Note that the earlier you make the choice to tangentalize, the longer your alternate life will be (unless your alternate decision causes you to get his by a car), but waiting until later in life may yield better informed choices. Also, when you find that your parachute has a hole in it, you'll regret having already used up your tangent.
"I've turned up the gain on your datafeed as far as it will go" said Doctor Lee. "Your neuroreceptors are nearly burnt out, and I can't administer any higher dosages of signal enhancer without damaging the rest of your nervous system. My best recommendation at this point is to take at least a full month off the 'net. Here, I'll fill out a prescription for a temporary disability interface. It should only take a few days to get used to using the tool: it's called a 'keyboard'..."

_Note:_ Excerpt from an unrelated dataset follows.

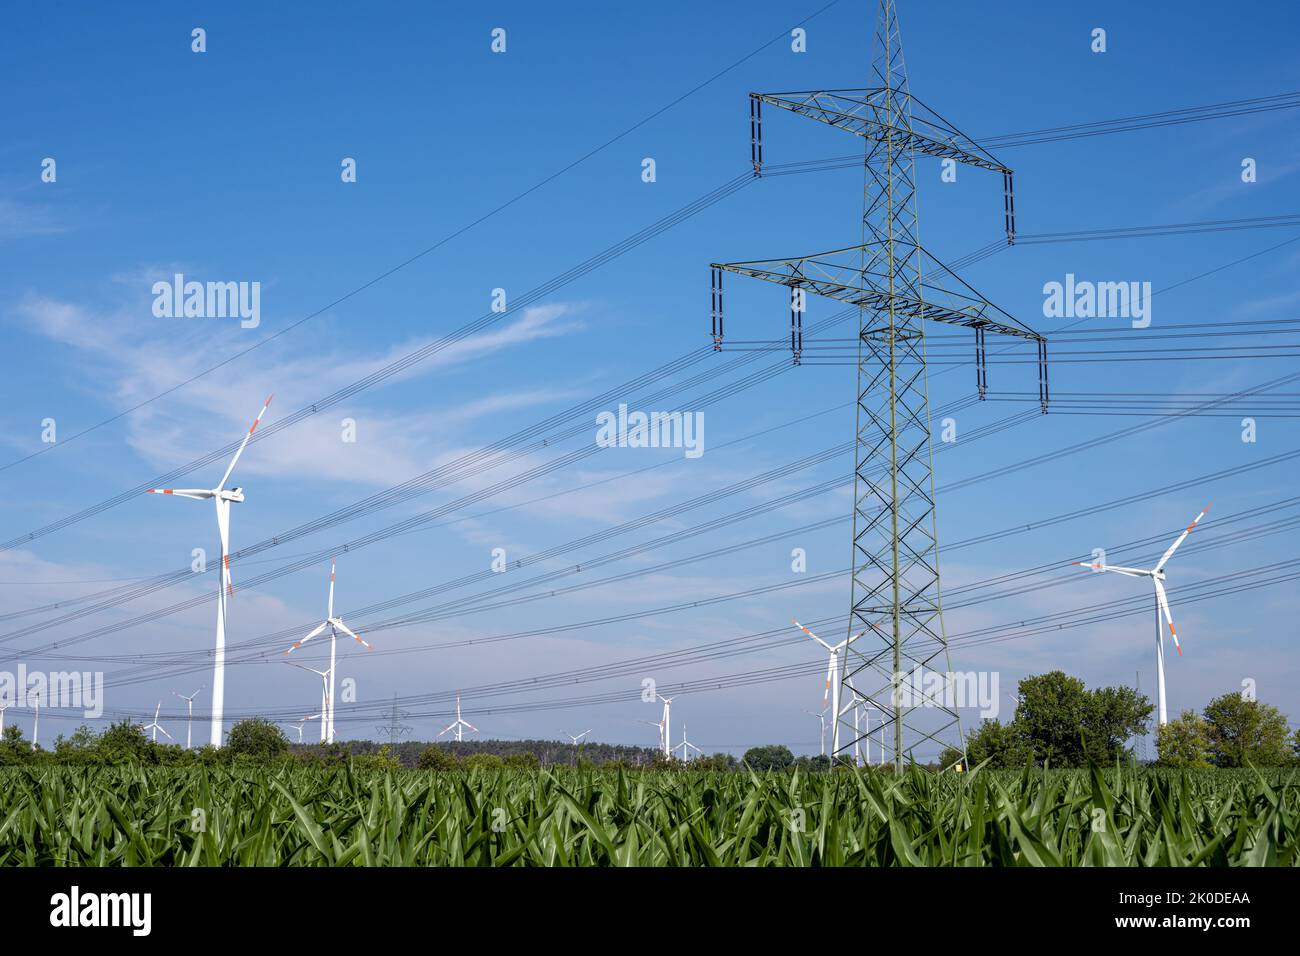 Electricity pylons, power lines and wind turbines seen in Germany Stock Photo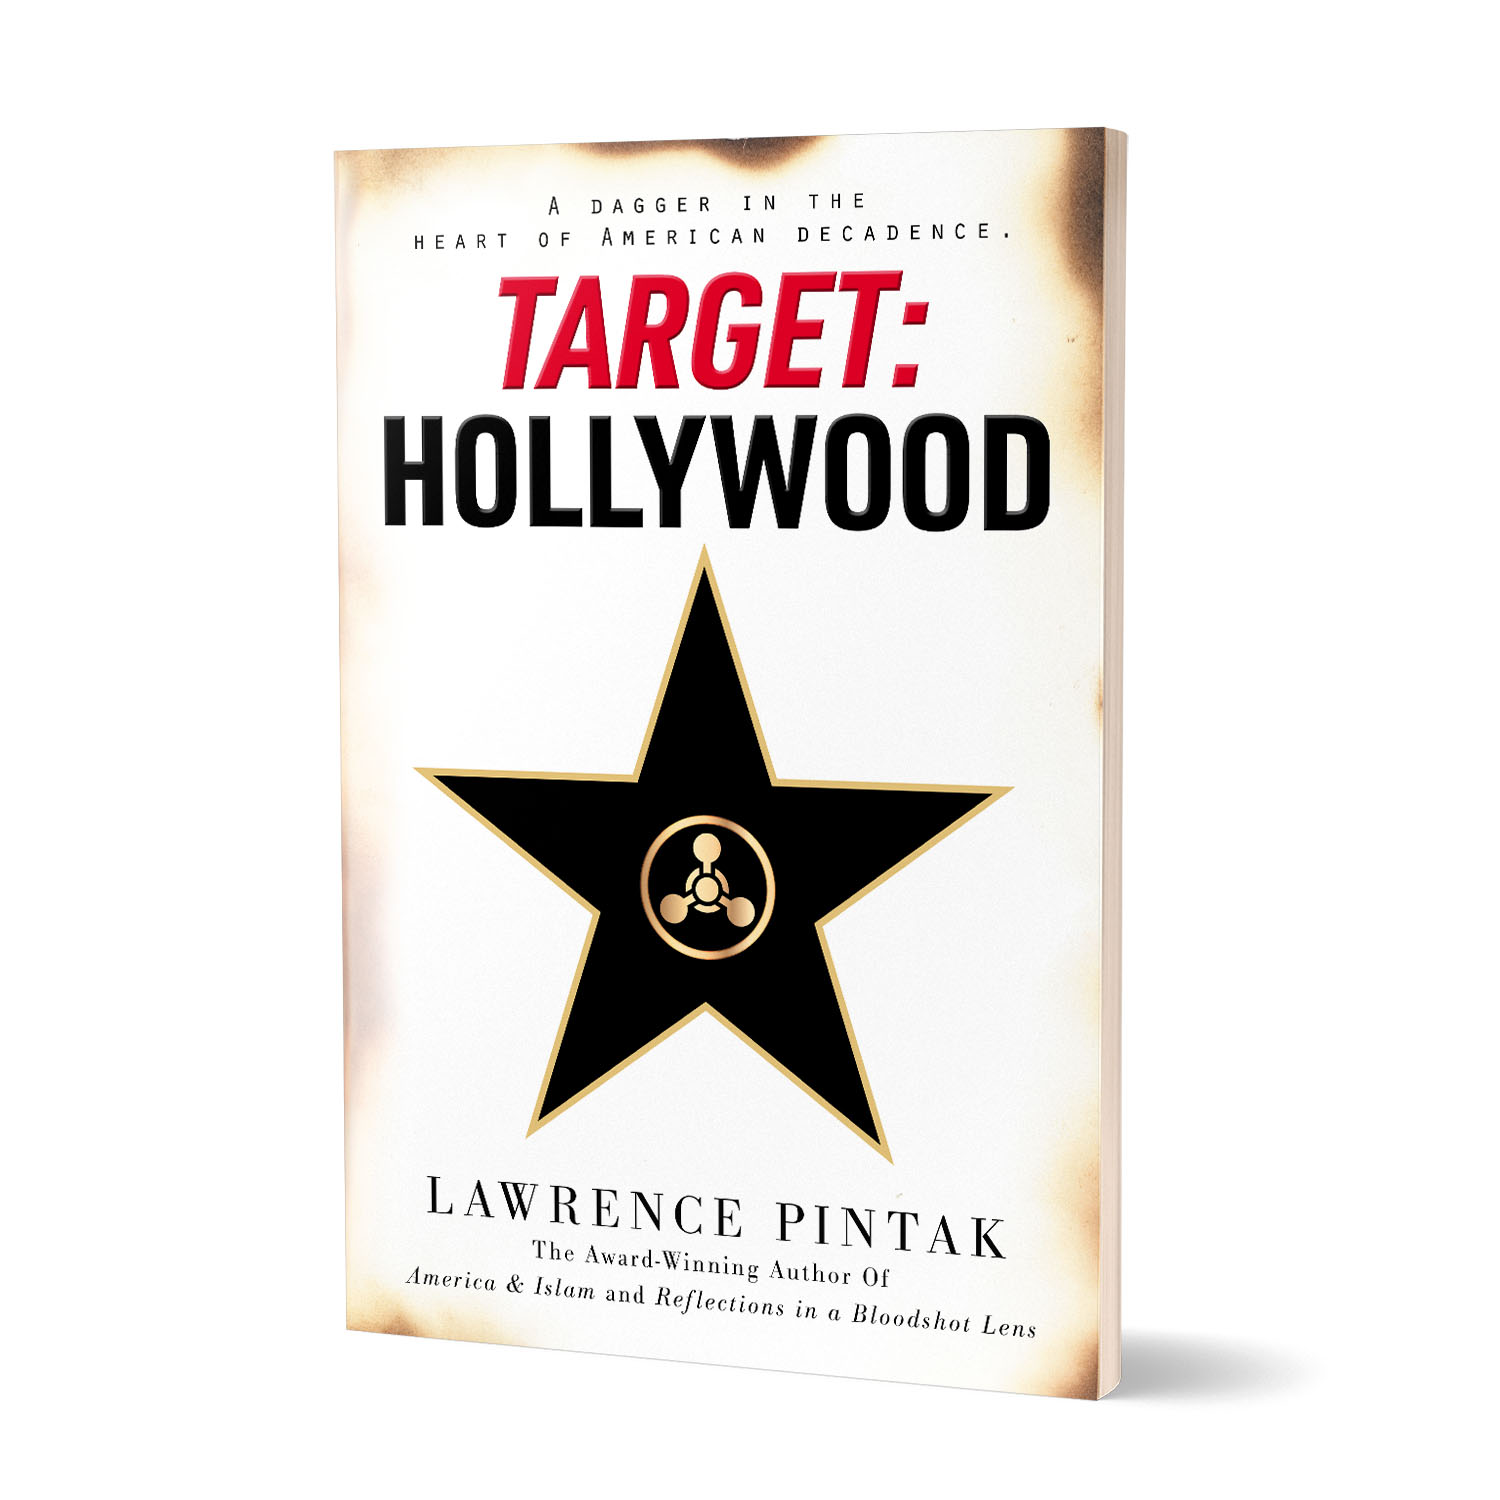 'Target: Hollywood' is an excellent retro terrorism thriller. The author is Lawrence Pintak. The book cover and interior were designed by Mark Thomas of coverness.com. To find out more about my book design services, please visit www.coverness.com

The Tennak are emotionally and physically "compatible" with humans, but have half the average lifespan. Given Tennaki females' infatuation with older men, the Tennaki males are often left out in the cold.
When a teleporter fails to remove the original copy, the result is two instances of the same individual...forced into lockstep via quantum entanglement (note that this is [very] scientifically implausible given our current understanding of quantum entanglement).
In EvilEvilFunWorld, it is commonplace to throw a poison cream pie at a clown, and cut the breaks on the clown car (no seatbelts, of course). Trap a mime in an airtight box. Fill the juggler's flaming torches with gunpowder. This is why entertainers exist, after all.
"Today on BBC Sport, we turn to the disqualification of Didrik Armstrong from the Tour de France, when it was discovered that the other eight members of his team were Simacrulogues. There has long been suspicion in the global community that such tactics were in play, as Didrik's teammates often wear themselves to the point of exhaustion in order to support his win, while they themselves attain no glory.
"The deception was discovered this afternoon when the teammate riding just ahead of Armstrong collapsed on the track; Didrik blacked out at the same instant, prompting doctors to hook up a portable MRI to both individuals. When their brainwave readings appeared nearly identical, other team members were scanned as well.
"Mindsynch Inc., the worlds largest producer of Simacrulogues, said it holds no responsibility for any owner's use of their secondary bodies."
The apparatus she referred to as the Schrodinger Gun didn't look like a gun. It wasn't long and narrow around a particular axis. It didn't have a grip or a trigger. It looked more like a coffee table. When I tried to find out how it works, she struggled with the words. All I caught was something about waveforms and a cryptic assertion that it "opens the box."